[Given records]

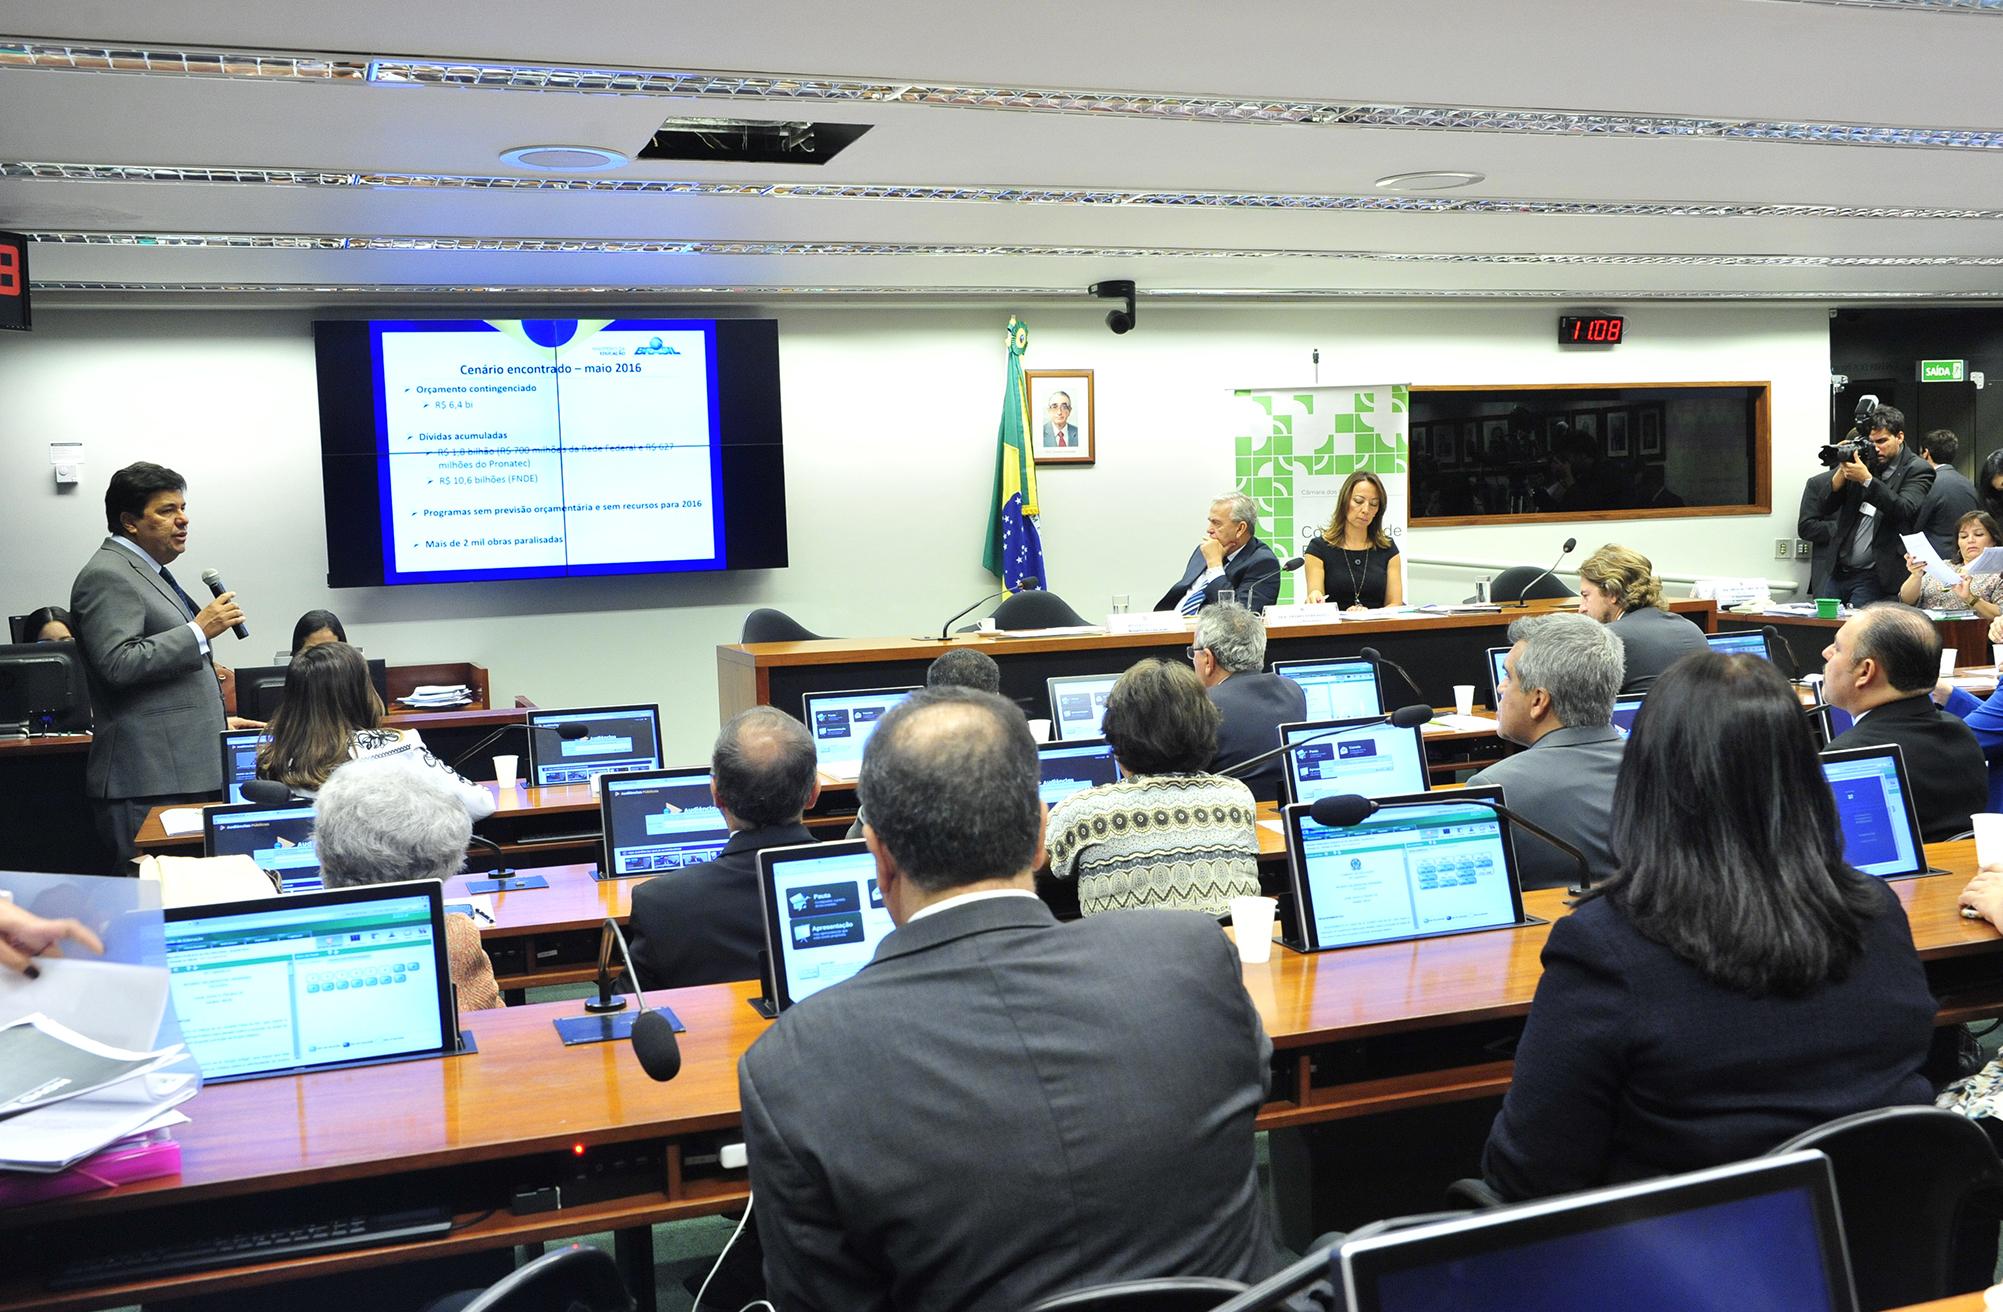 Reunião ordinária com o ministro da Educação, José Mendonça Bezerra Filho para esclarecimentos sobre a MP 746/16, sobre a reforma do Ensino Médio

[/Given records]
[Given records]

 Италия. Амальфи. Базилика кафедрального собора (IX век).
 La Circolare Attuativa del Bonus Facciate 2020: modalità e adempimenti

[/Given records]
[Given records]

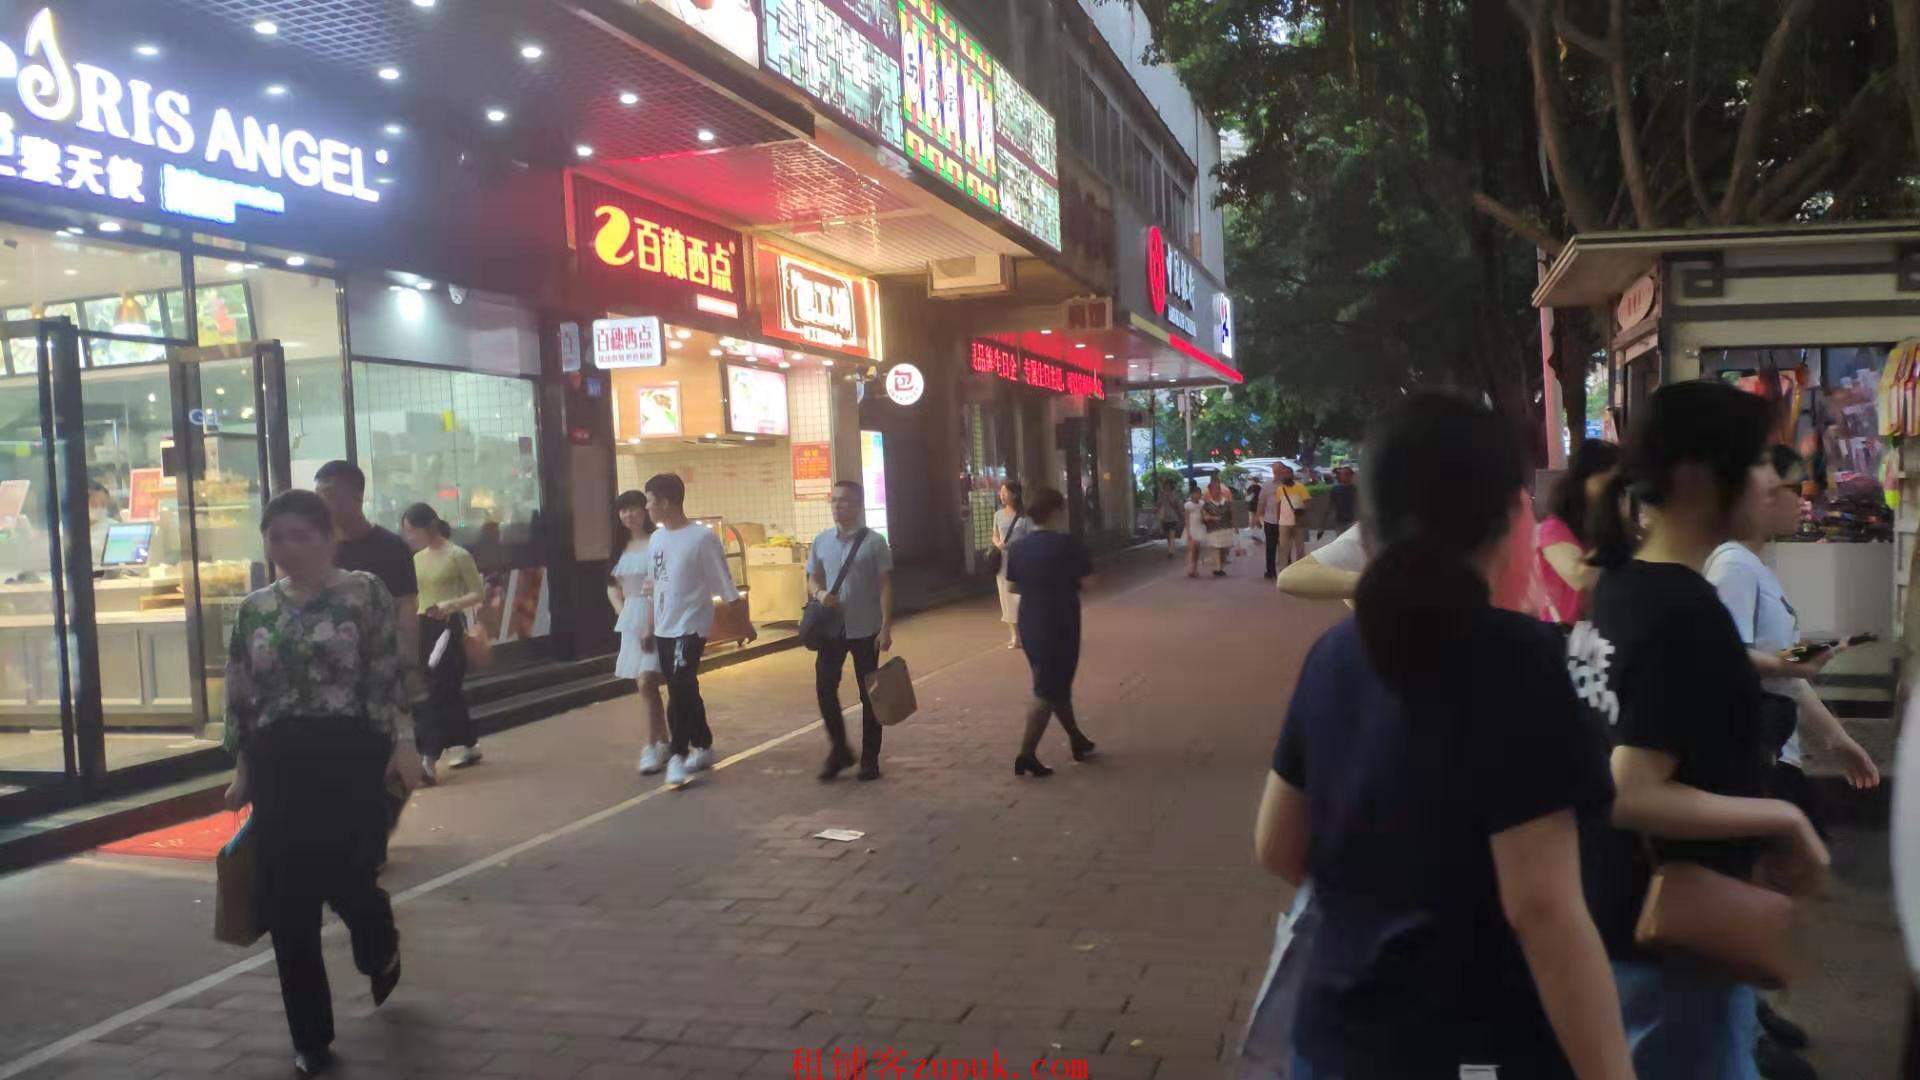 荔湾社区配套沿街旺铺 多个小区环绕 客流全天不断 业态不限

[/Given records]

## Task requirements
With the line holding "Италия. Амальфи. Базилика" as the first and the line holding "La Circolare Attuativa" as the last, please transcribe exactly the lines of the material above in that range and nothing else.

## Written solution
 Италия. Амальфи. Базилика кафедрального собора (IX век).
 La Circolare Attuativa del Bonus Facciate 2020: modalità e adempimenti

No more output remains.